▶ **Task to complete**
Within the entries below, please retype exactly the lines starting with the line that has "assembling graco pack n play" and going on through the line that has "La parola delle", but not the pictures.

▶ **Available data**
-----

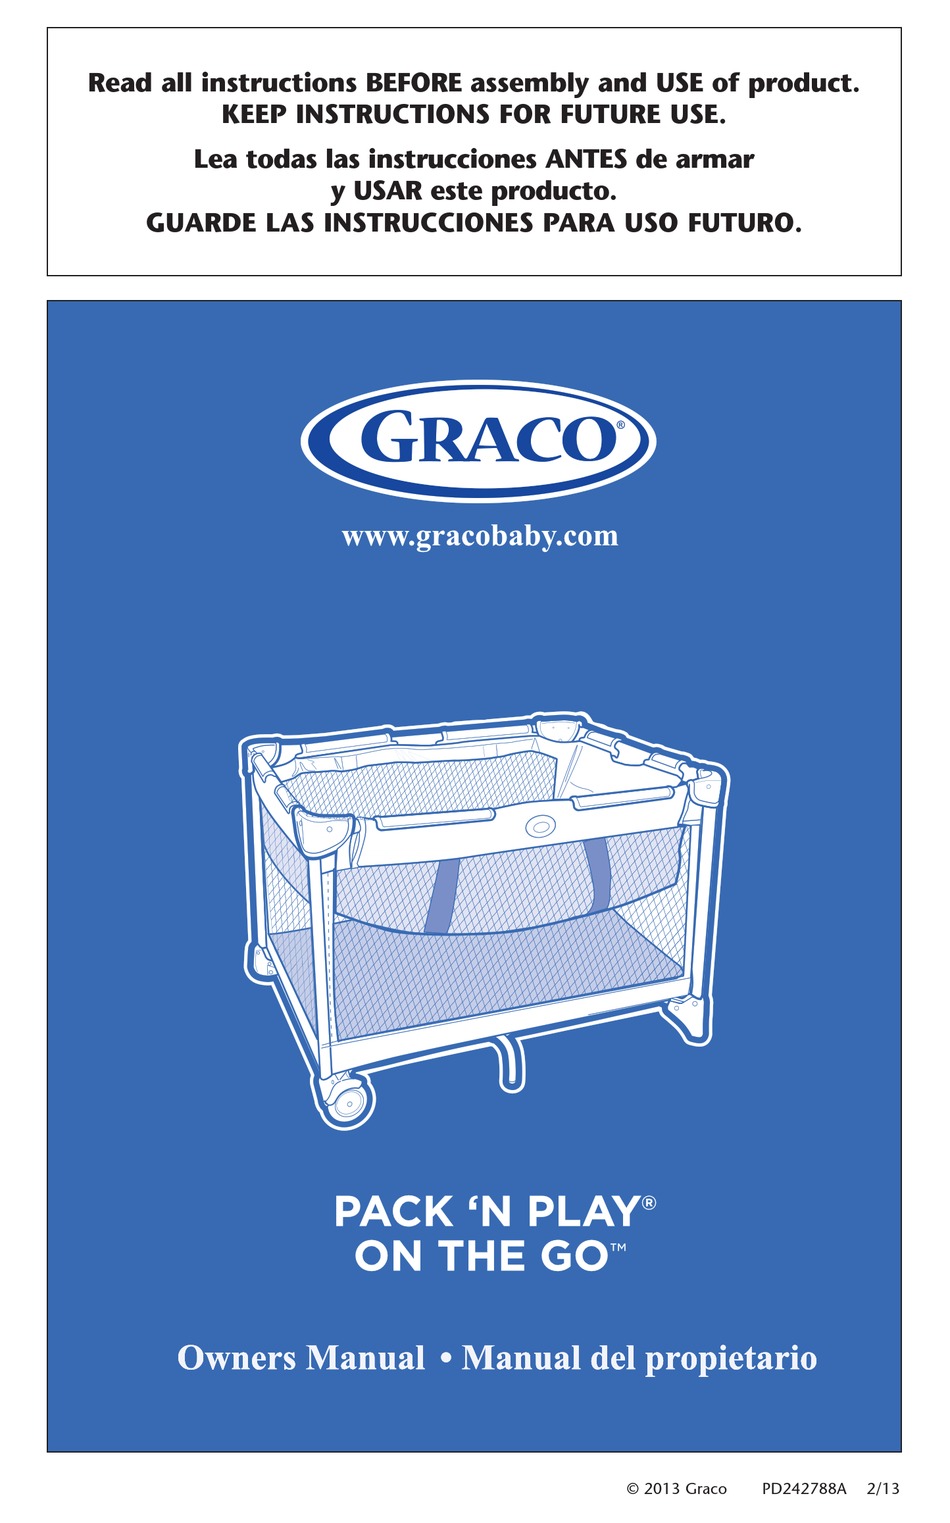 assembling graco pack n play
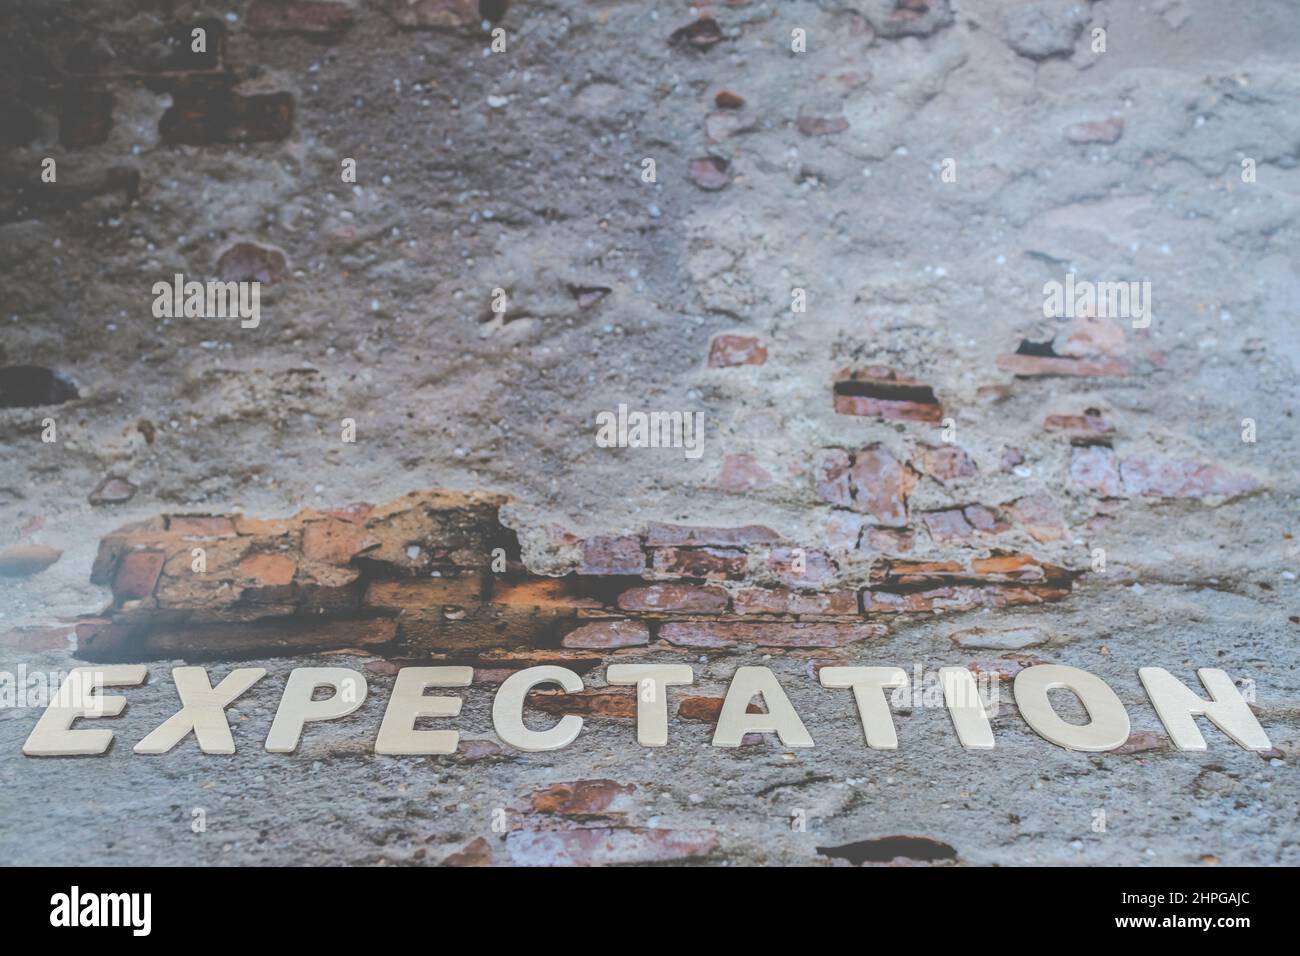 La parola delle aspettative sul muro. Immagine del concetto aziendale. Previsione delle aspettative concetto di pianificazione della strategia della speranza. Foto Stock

-----

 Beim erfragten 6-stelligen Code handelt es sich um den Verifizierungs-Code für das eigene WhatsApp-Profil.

-----

▶ **Output for this task**
 assembling graco pack n play
 La parola delle aspettative sul muro. Immagine del concetto aziendale. Previsione delle aspettative concetto di pianificazione della strategia della speranza. Foto Stock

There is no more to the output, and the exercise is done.